Sort of like a rasp for metal. Ok not really, not nearly as coarse & aggressive as a rasp would be for wood. It's great for faster material removal when you need to shape something. I've only used mine on aluminum & plastic though. Not sure if does well with steel or if it's even recommended. They don't clog as easy on aluminum which is nice. Sadly I don't use mine often & haven't in quite sometime. Haven't had a need to do any shaping by hand.

I do love the long angle ("lathe") files though. I like them so much I bought a case of the Pferd ones.


----------



## Bob Korves (May 15, 2018)

Nicholson production moved to Mexico some time ago, and those were terrible files when they replaced the USA made Nicholson files.  However, lately the Mexican made Nicholson file quality has been improving, and they are now worth buying again, on a cost/quality comparison.  The problem is telling the earlier bad ones from the later better ones that both say Mexico.  If it says Nicholson USA on it, and is in good condition or new, buy it for sure.


----------



## mikey (May 15, 2018)

Tonyss454 said:


> Thanks for the eBay link, it's on the way to me
> 
> Sent from my SAMSUNG-SM-G900A using Tapatalk



Tony, that set goes for almost $300.00, retail. Seller said it looks unused; if so, you got a great deal!


----------



## brav65 (May 16, 2018)

+1 on the Nicholson files from Mexico I took a risk and ordered a set at a steep discount and have been very happy so far.  We will see how they last but for the money they work well.


----------



## mikey (May 16, 2018)

One of my 10" Nicholson lathe files is made in the US, another is made in Brazil. My Grobet Vallorbe one is Swiss. I guess you have to look at the country of origin before buying anything nowadays.


----------



## darkzero (May 16, 2018)

mikey said:


> One of my 10" Nicholson lathe files is made in the US, another is made in Brazil. My Grobet Vallorbe one is Swiss. I guess you have to look at the country of origin before buying anything nowadays.
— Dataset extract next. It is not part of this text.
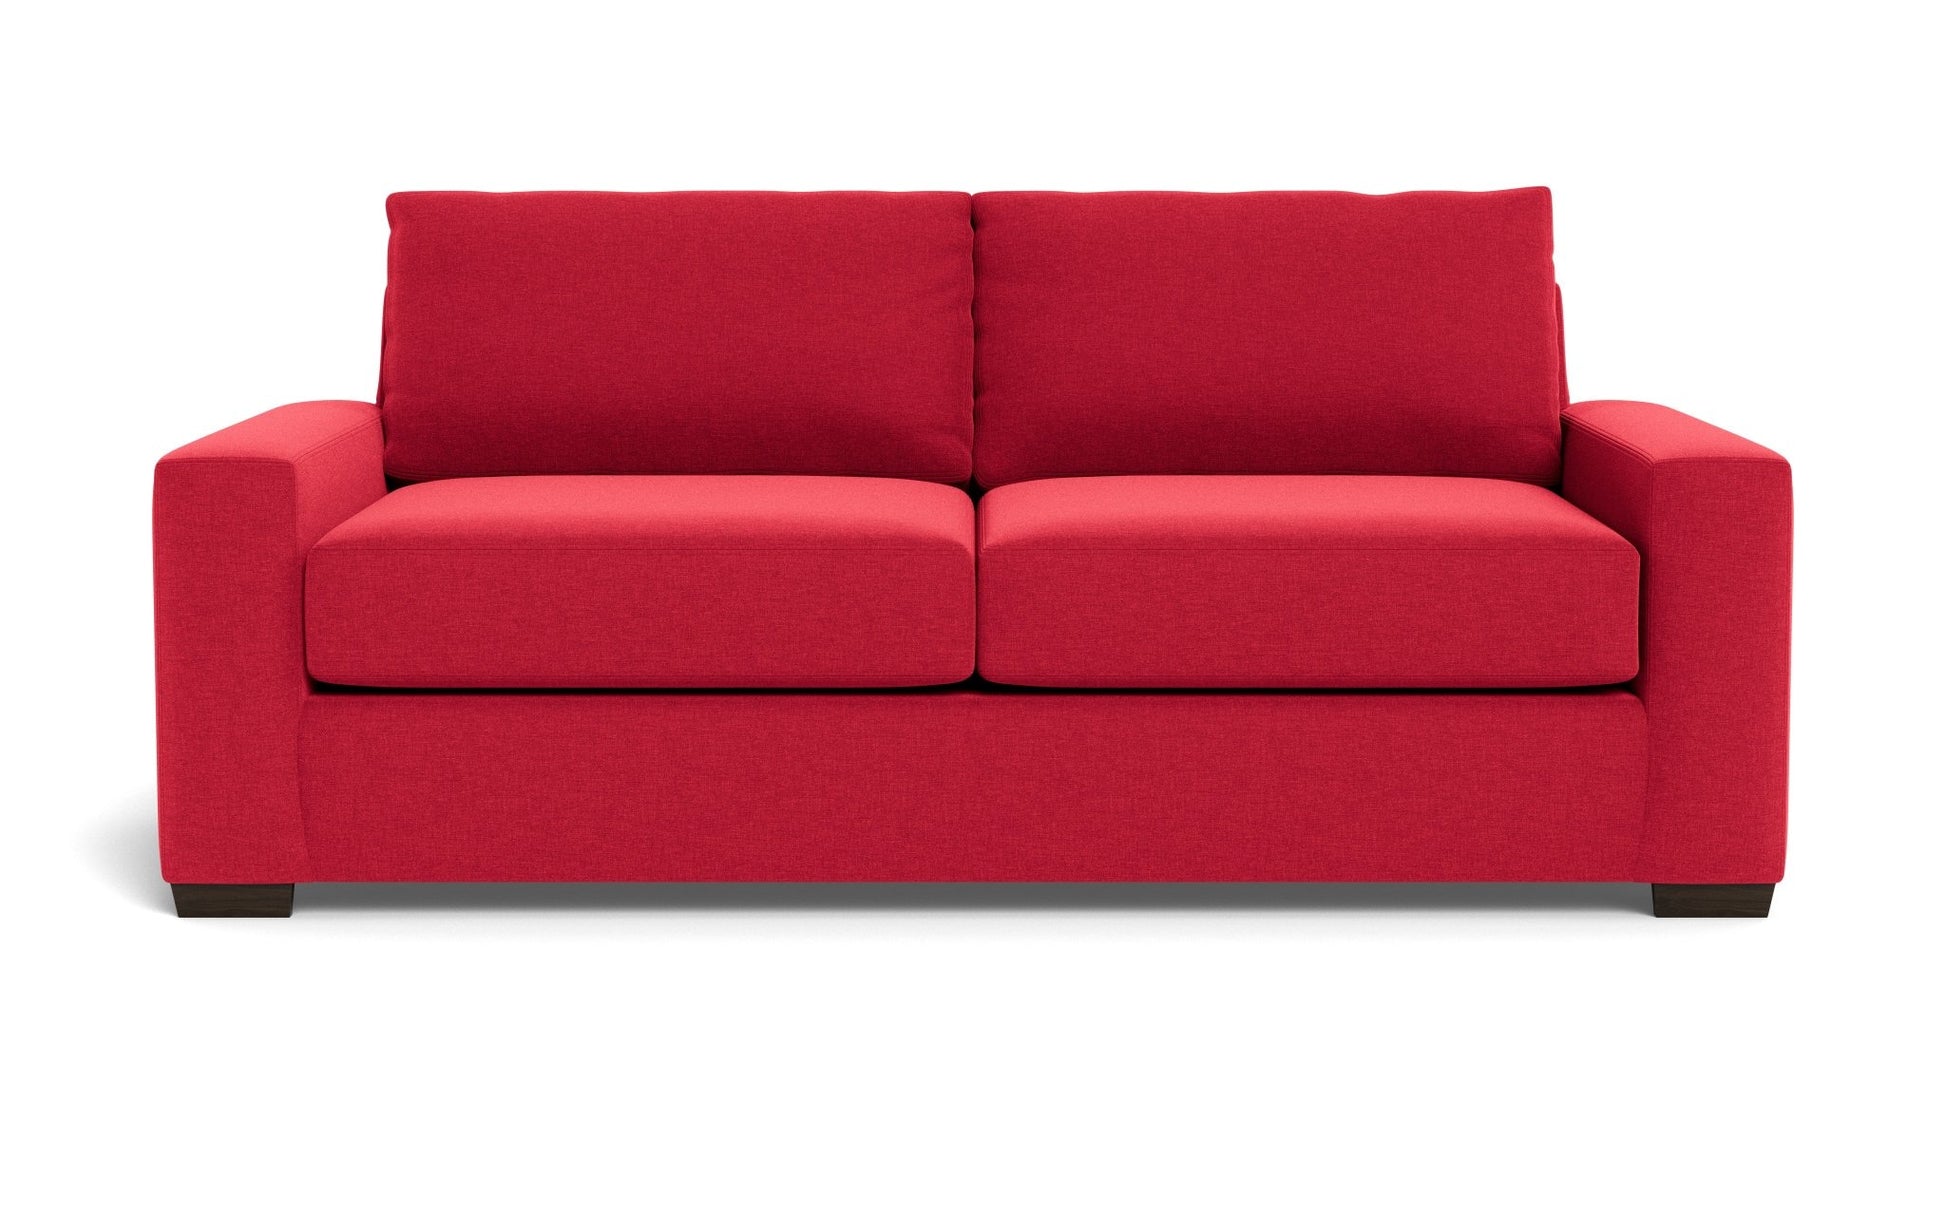 Mas Mesa Sofa - Bennett Red
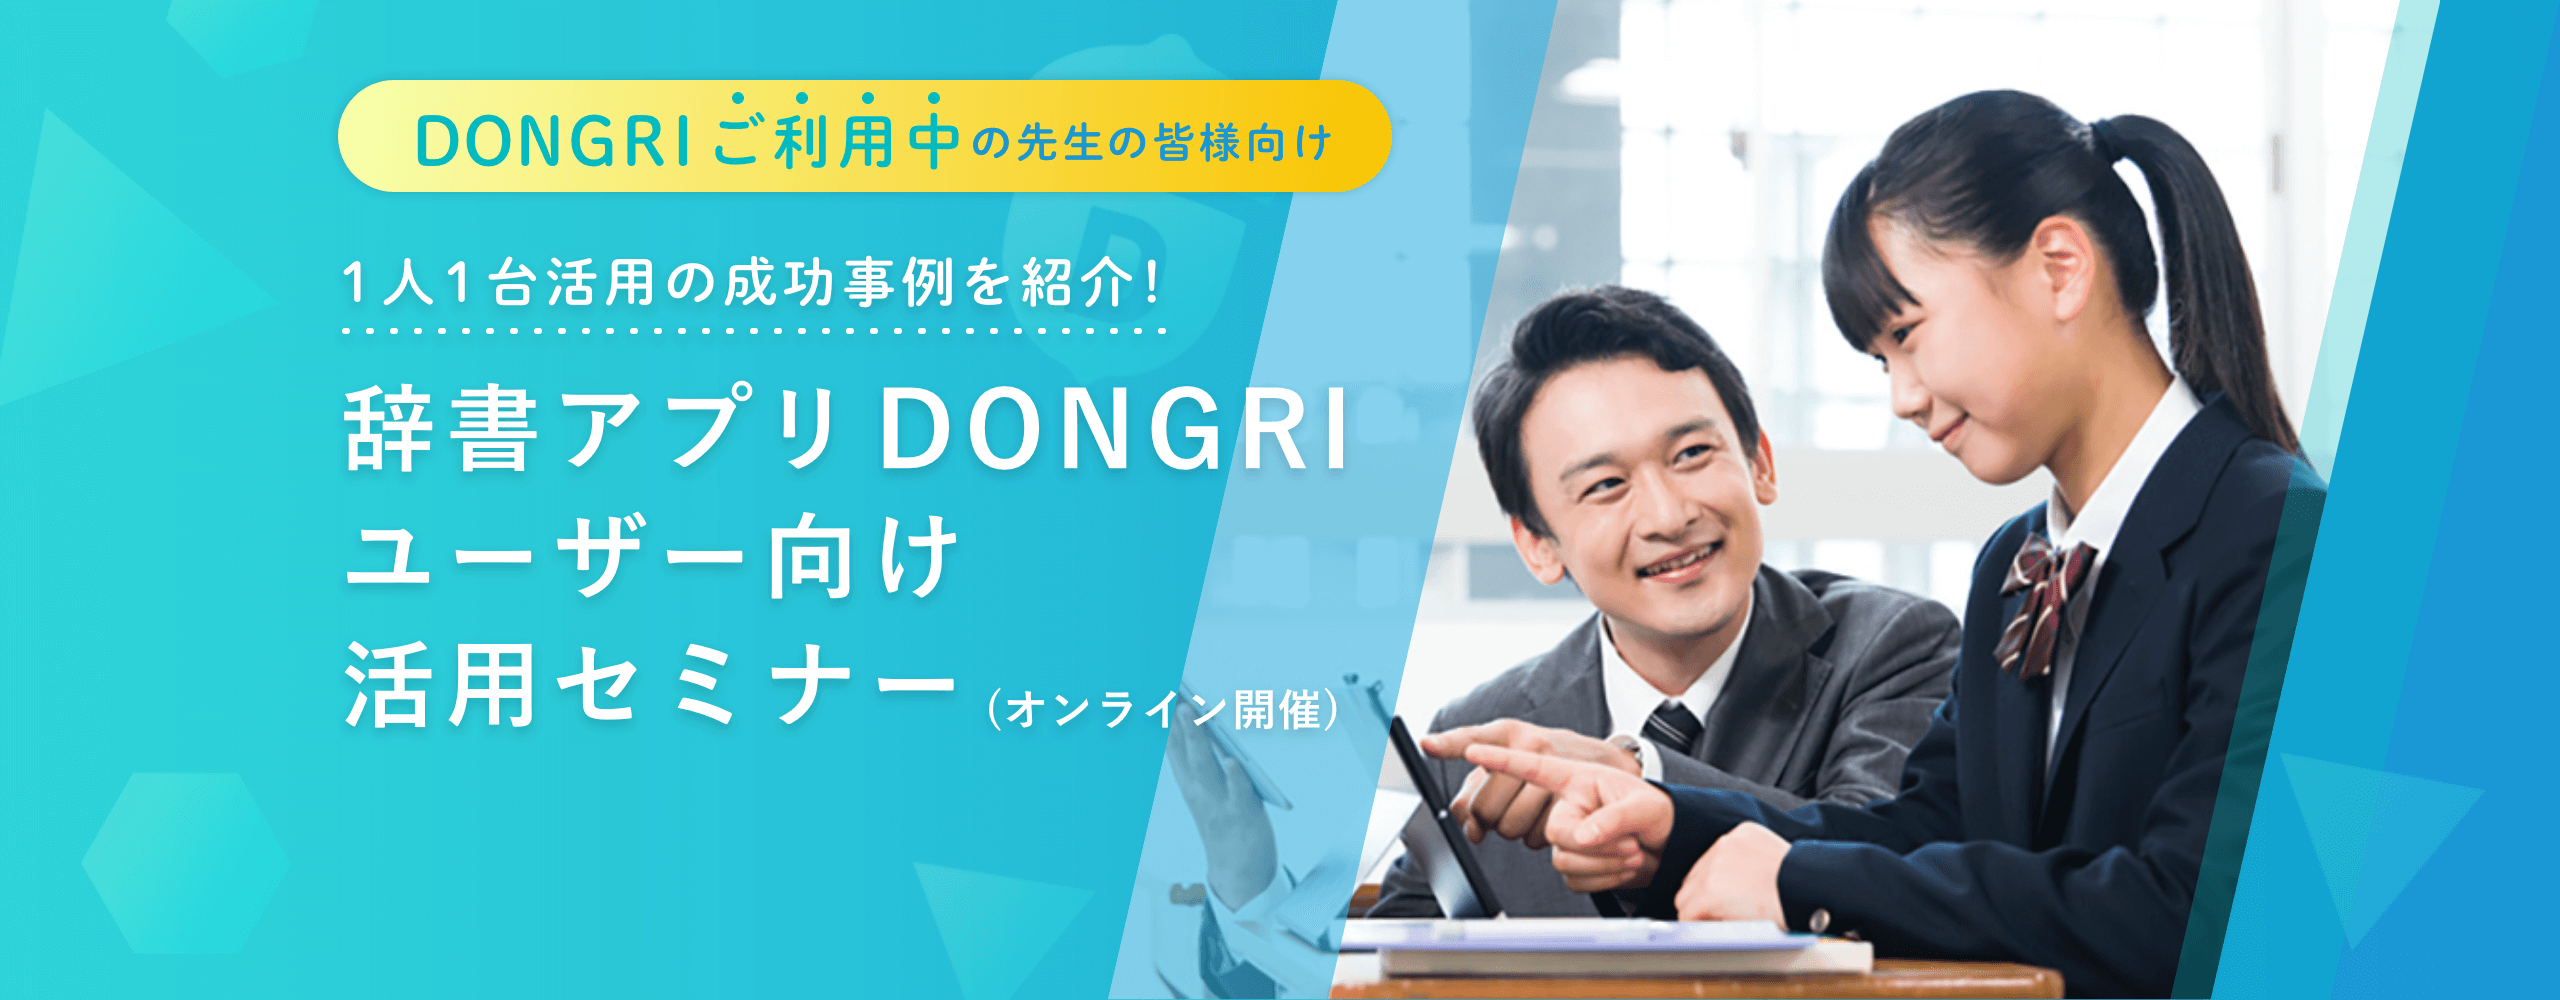 【DONGRI導入済みの先生・生徒向け】アプリDONGRI ユーザー向け活用セミナー(オンライン開催)2021年5月・6月開催

Most definitely! As you know true of companies like Starrett & Mitutoyo & many others. Grobet too, IIRC the Grobet USA line, some are made in China, some were made in India.


----------



## guitarman0023 (May 16, 2018)

I picked up several black diamond files from a flea market, they have done very well for me after cleaning them up and putting handles on them.


----------



## Bob Korves (May 16, 2018)

Good stuff is made everywhere in the world.  It is not really fair to diss whole countries for the quality of some of their exports.  We just need to judge it for what it is, and that can be a moving target.  I remember when Japanese and Taiwanese exports were terrible.  It is often what is ordered by first world countries, and if they demand the very cheapest stuff, that is what they will get.  It is not really correct to blame the exporting country as a whole for filling orders in the ways buyers demand.  Still, we want to sort out the chaff and find the treasures,, so we pay attention to the sources of our tools.  We should probably pay more attention to the brokers who make the deals, though that is not often knowable.


----------



## mikey (May 16, 2018)

Bob Korves said:


> Good stuff is made everywhere in the world.  It is not really fair to diss whole countries for the quality of some of their exports.  We just need to judge it for what it is, and that can be a moving target.  I remember when Japanese and Taiwanese exports were terrible.  It is often what is ordered by first world countries, and if they demand the very cheapest stuff, that is what they will get.  It is not really correct to blame the exporting country as a whole for filling orders in the ways buyers demand.  Still, we want to sort out the chaff and find the treasures,, so we pay attention to the sources of our tools.  We should probably pay more attention to the brokers who make the deals, though that is not often knowable.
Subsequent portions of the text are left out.